Not only is Lacan’s fragmented body in reference to the physical, but it also deals with an unsettling amalgamation of desires. As he writes, “He [the subject] is originally an inchoate collection of desires–there you have the true sense of the expression fragmented body,” which is reminiscent of Meredith Sands’s painting. Her work portrays disembodied hands, like Stamm’s Causes, but here, they grab at a lump of blemish-riddled flesh, which may be breasts. Sand’s painting is nearly abstract, abject and strangely unnerving.
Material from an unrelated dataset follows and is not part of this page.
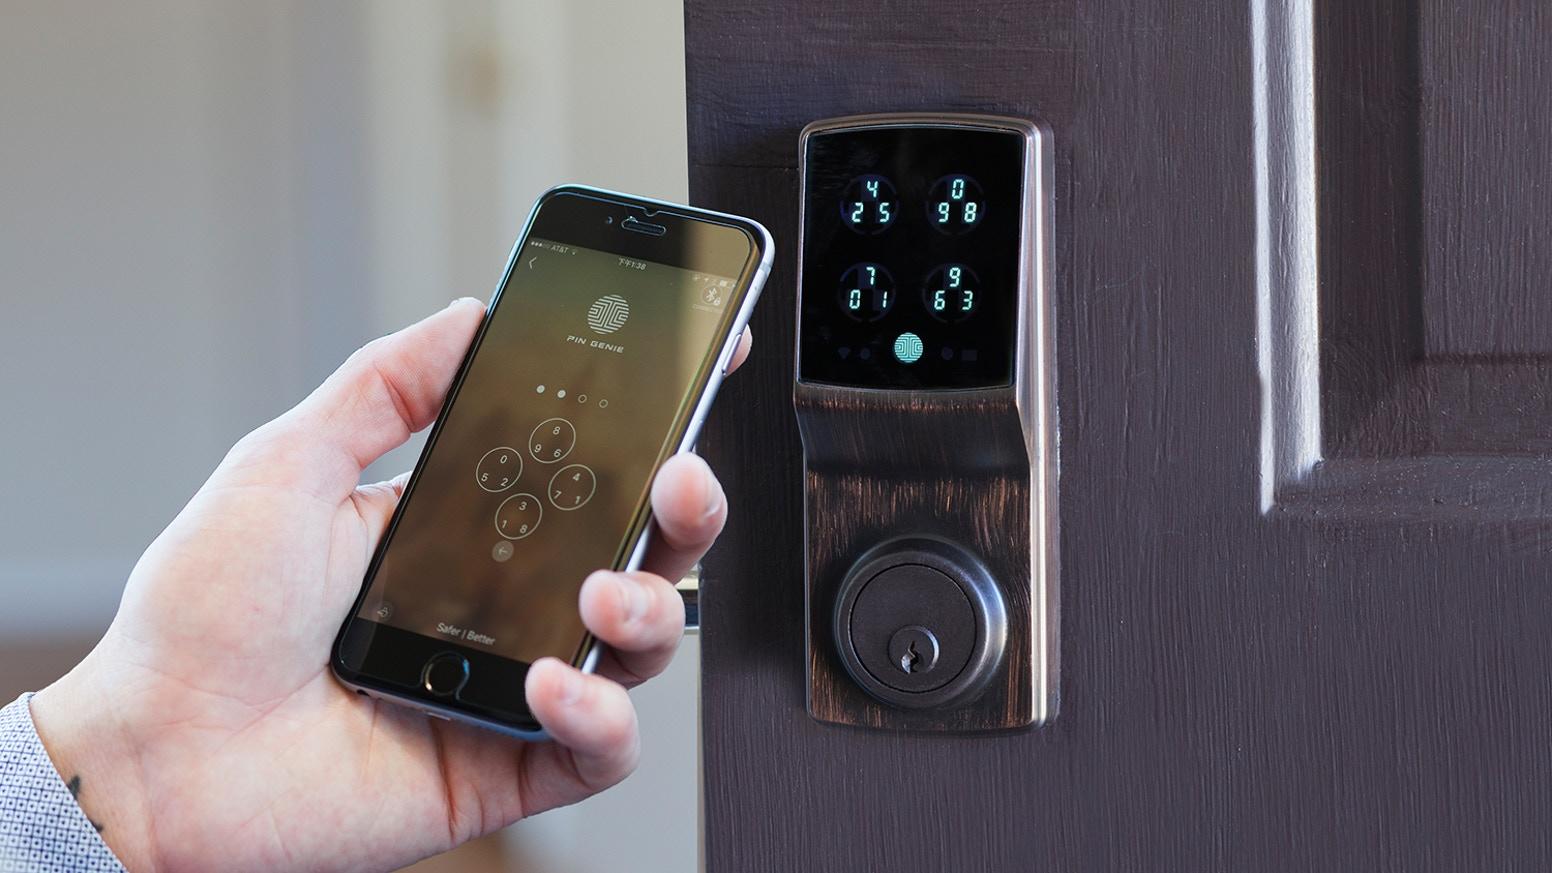 serratura intelligente e smart lock con smartphone

The opposite of erotic, the work instead exudes a sense of the infantile–a return to childish things like an infant desperately reaching for its mother’s milk.

Installation view of This Is Not Here: Re 21 (Courtesy of the artists, Efrem Zelony-Mindell and Re: Art Show)
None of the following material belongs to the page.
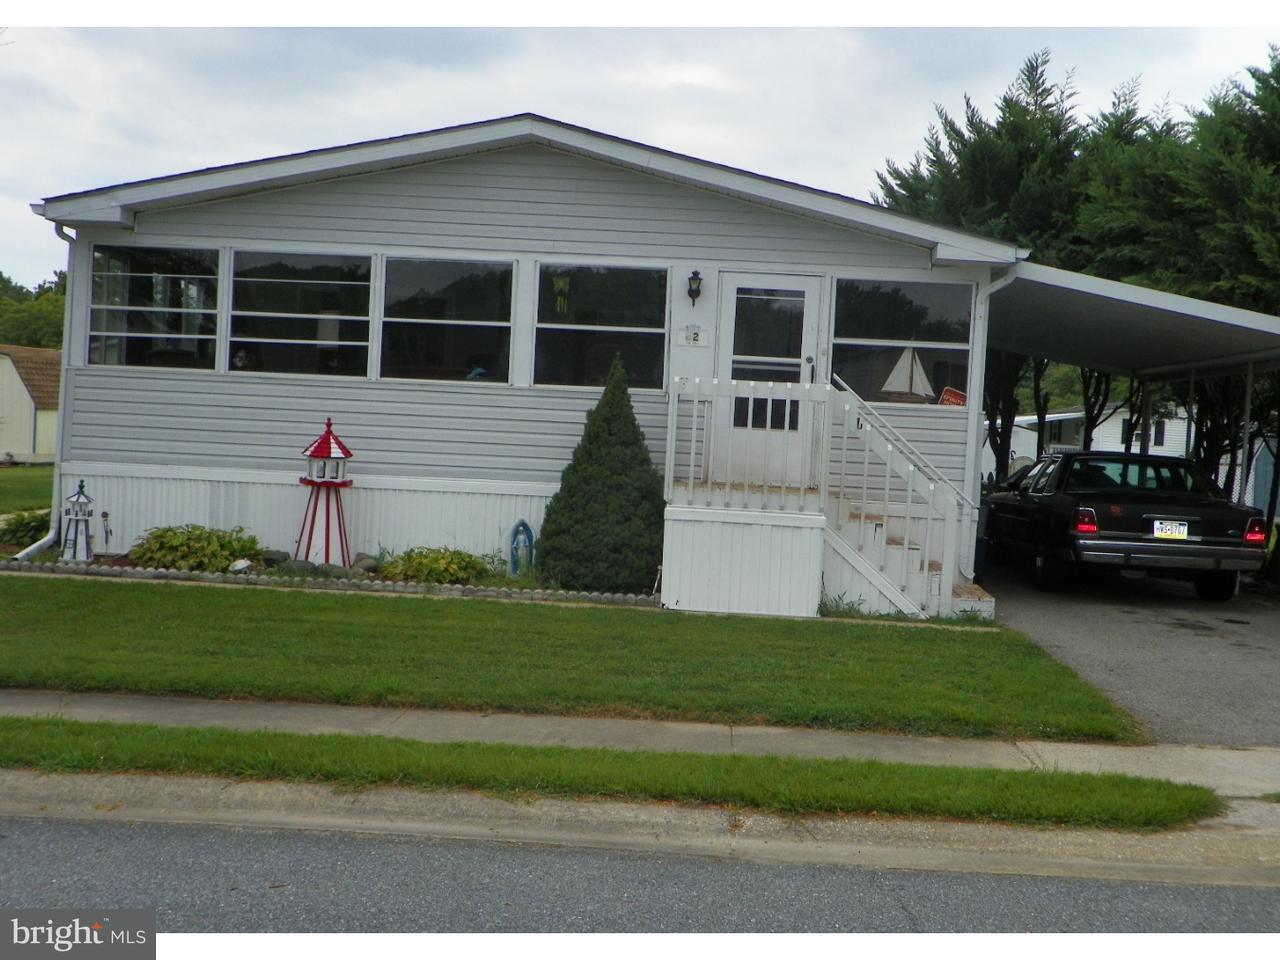 移动之家 为 销售 在 62 ELMWOOD DR #62 Smyrna, 特拉华州 19977 美国

However, this fractured precarity and anxiety, whether about the body or society as a whole, that pervades the exhibition doesn’t mean there aren’t moments of transportation and transcendence, even in unlikely places. They can be found in the glittering pieces of kitsch (not to mention creepy dolls) captured by Gregg Evans and the fringed fantasy of Fabrizio Albertini’s photograph. In particular, Sarah E. Brook’s inclusion gestures toward a more pleasurable and calm elsewhere. A wall-mounted work, Brook’s installation is, on its surface, wholly simplistic–a multilayered triangle with a ruddy red circle in the center that appears like a sunrise or sunset in nature. And yet, it introduces a welcome sense of relief within the frantic exhibition. You find yourself, dreaming of escape and taking utopian visions where you can get them, even if it includes staring through to a blank white wall.